| Back to logs list
Reprinted from 872546614 at 17:12 on October 20, 2010 Reading (loading. ..) Comments (0) Category: Emotional World and to the end of the year, read the calendar, the days only a few pages of a thin, this winter will be cold?
heart pain, there are a lot of helpless frustration.
always used to weigh in again after the old time seems to be finishing state of mind, but also like some of the early days of the reluctant, as I At the moment, his own strong strong that the night dropped into a deep, repeated listening to the headphones coming sad music, his thoughts drift of the disappeared long ago ... ...
already a long time did not feel the desire to sort out into text, and I gave myself a lazy, will precipitate a lot of things, light flow mark view years, waiting for the time flies. Often turn on the computer,
belstaff coat, sat dazed, holding the hand of the mouse points but I do not know where to go. I am less lazy before the share of free and easy and adhere to the text as if from my life because I could not find any one word or a sentence to host my feelings, my solitary Jie of soul bearing.
I admit, I am demanding a perfect romantic desire for a woman, like the dreams of endless romantic vision of Fang Fei,
belstaff online, hold your hand, gentle enough, the wind Xiaokan falling, snow toast on the invitation, in Chongni and care, even a little bit old,
belstaff sale, and hope is a romantic to the extreme. But life is not a dream, after all, Cinderella's pumpkin car Shangqie to closing the evening, when the men toil for a living to run around so much thought to how can a woman specifically for the castle to create a far-fetched dream it?
I understand that the distance between dreams and reality, but also understand that blessing is often indifferent, content with the truth often fun, but still will unknowingly be involved with this and he lingered in the Mind fork, so torn, Such doping is unclear, perhaps it is the reason I am confused with the pain, right? I so much-anticipated by the shadow of the clouds float in the air flying down the snow patches, do they not desire to actively look for a little joy and passion back? Alas, this passing of the days, even the cold and warm are lukewarm too obscene.

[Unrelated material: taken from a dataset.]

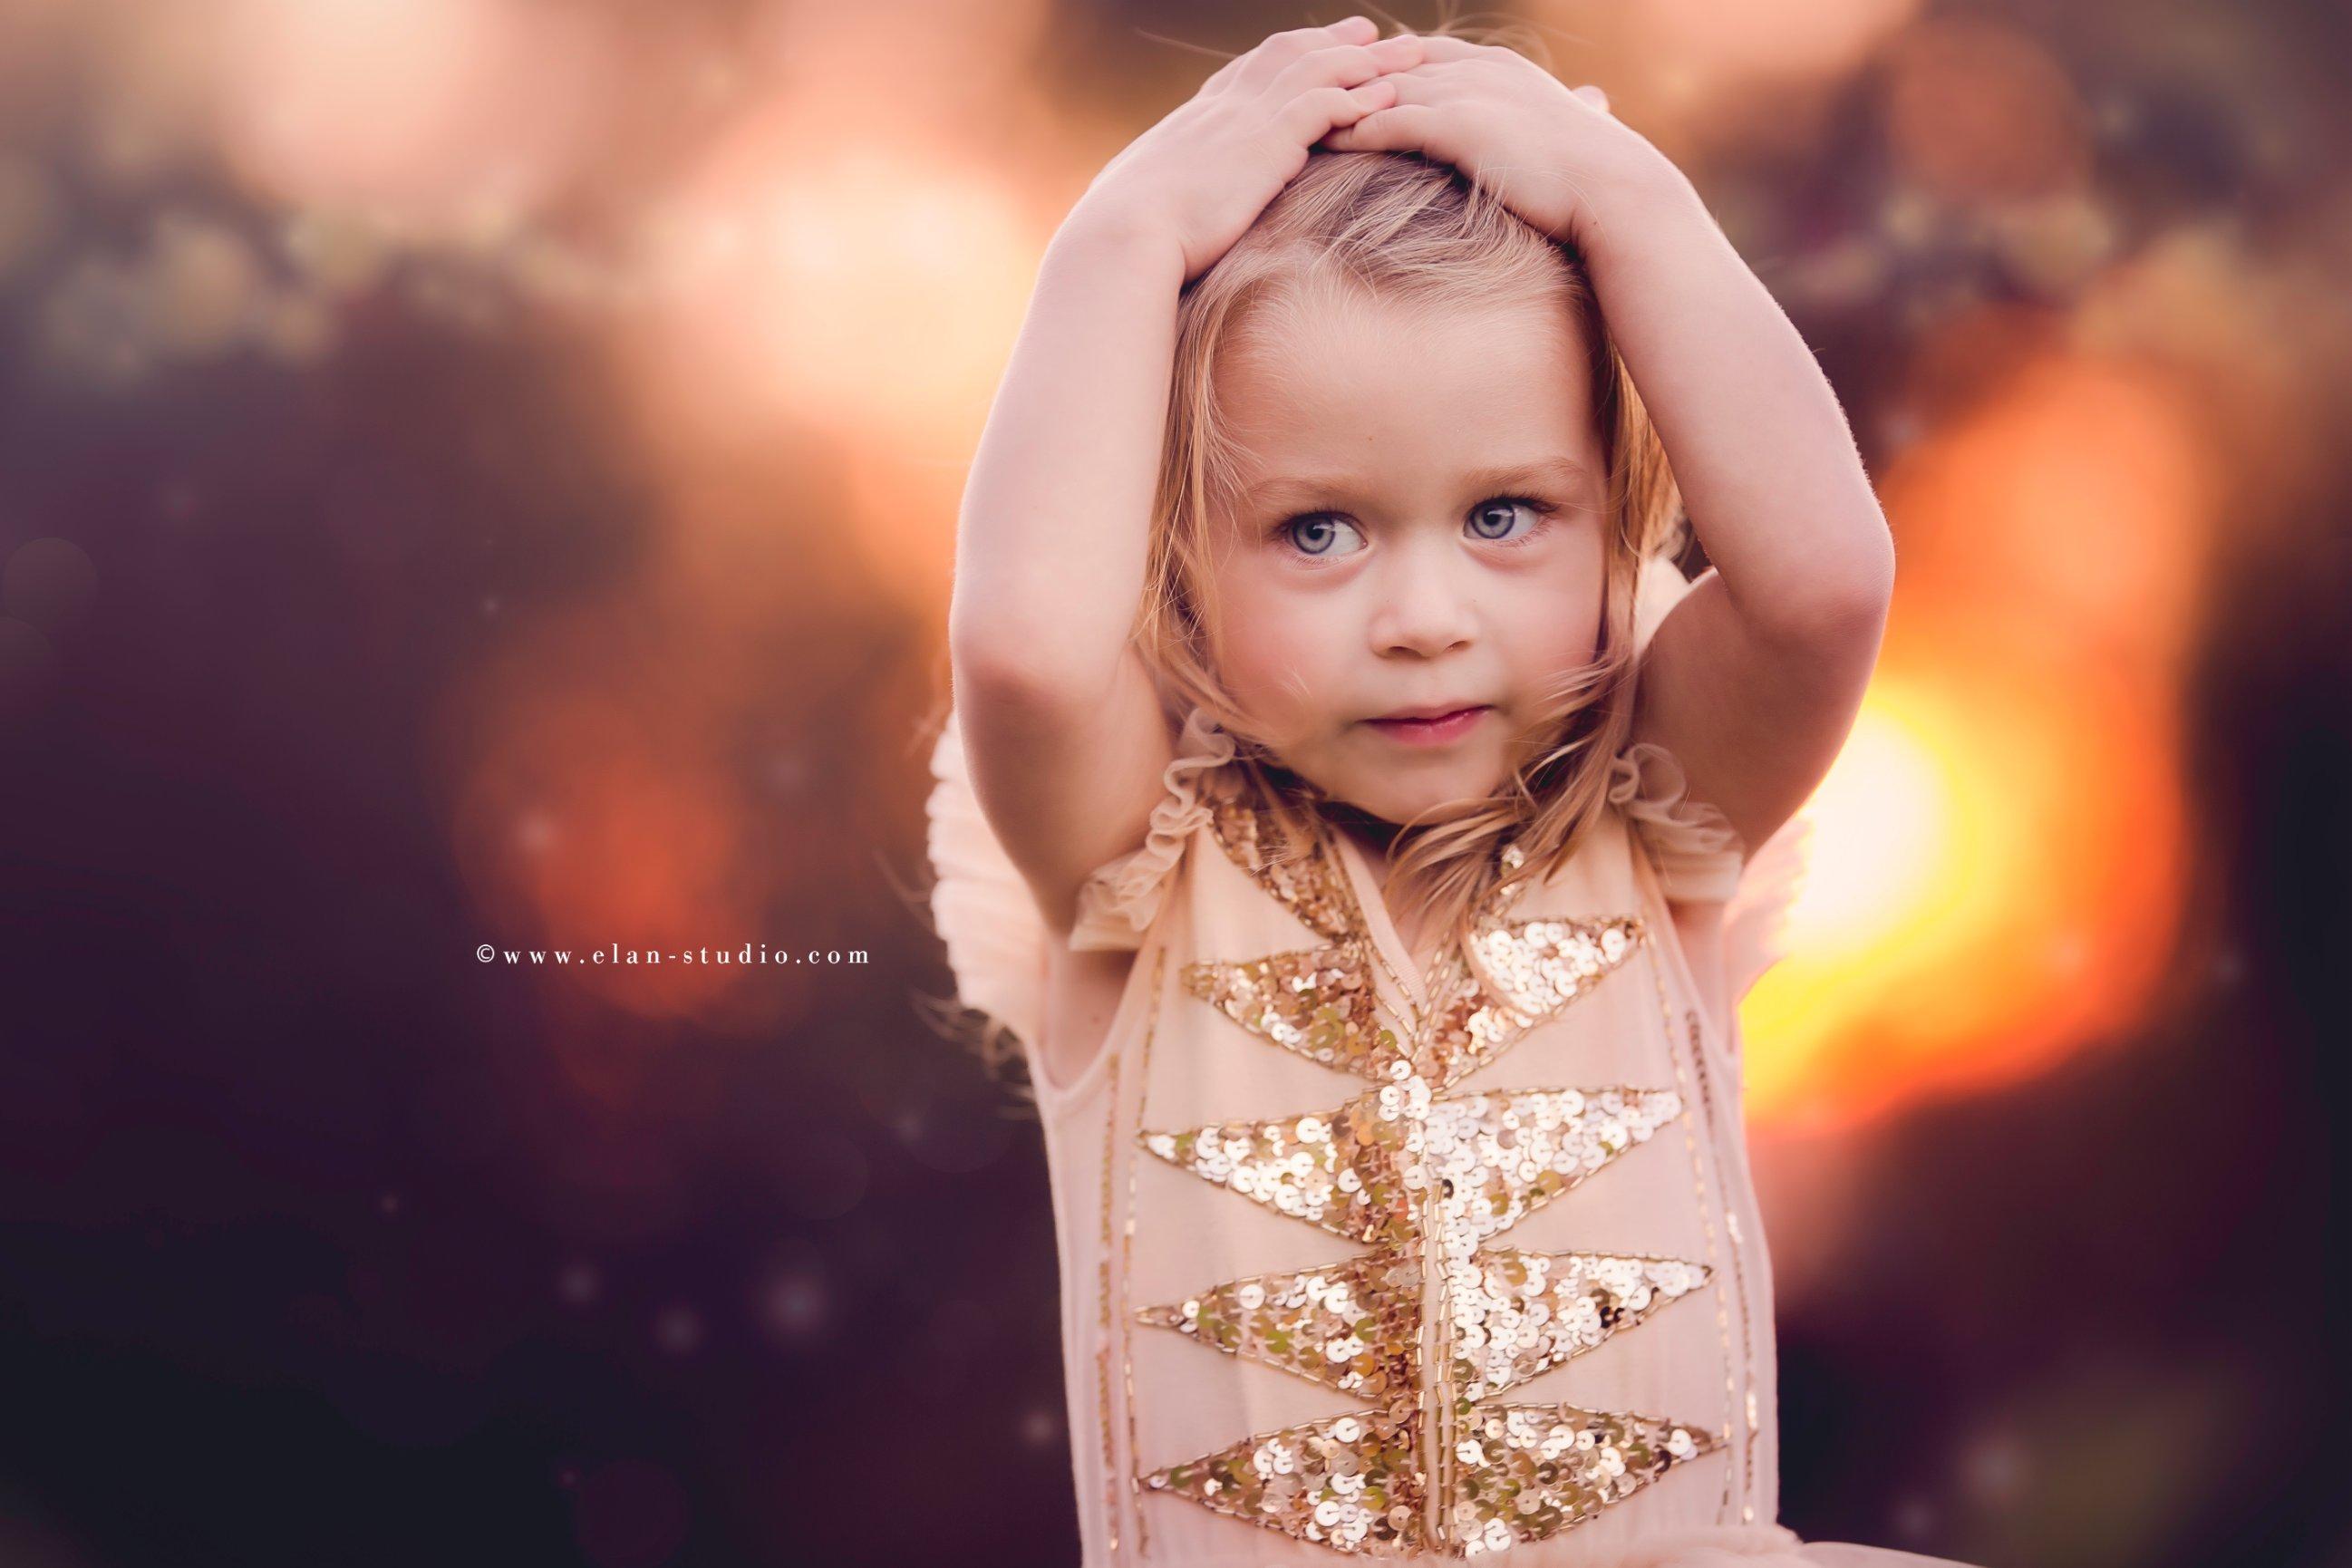 blonde little girl, golden hour photography, bokeh, golden hour bokeh, Elan Studio

Riyuerusuo, inadvertently, dying of a tree downtown, fall for Montreal's sad. End of the year end, the heart actually never had the Qi Huang,
belstaff outlet, cup curse is actually what made me so decadent? Years away dust,
belstaff jackets outlet, long for the circulation of the ring will annihilate with it? Roam in life, how can I go to face it Jimo long pale?
Fortunately, have been lucky, I opened up the side of space, with many friends is simple and sincere affection, nothing in today's can be fast food, what can be an age of fast food, then there is nothing more romantic than the network more and more temptations, more people moved out. From the strange to the familiar, from the warm to the plain, to the mutual dependency and become irreplaceable in reality very real concern, How precious it is some of the emotions. Cherish each other is also cherish and disappointments, relief, loneliness at the companionship spend pull light phase, in addition to touching or moving the hearts,
belstaff leather!
In any case, have experienced melt the years, how many ups and downs of any tragedy is the consolidation of the thread, tempting thoughts, chaos, sadness, recollections, depression, both with the time it dies it. Years, the woman is concerned, is the vicissitudes of life, is also a baptism. That so and so said, the world is women, in order to withstand the time of polish and the top grade. After carving, through the Sentimental and the impetuous, well-established center square, square with a known meaning, party into the wide environment. Detached dust, rather than the earth, so have the Zen insights cloud water, so have the daily necessities of happiness. Only the mood in the years of quiet infiltration of water, and equanimity, Fang Hong had remained intact.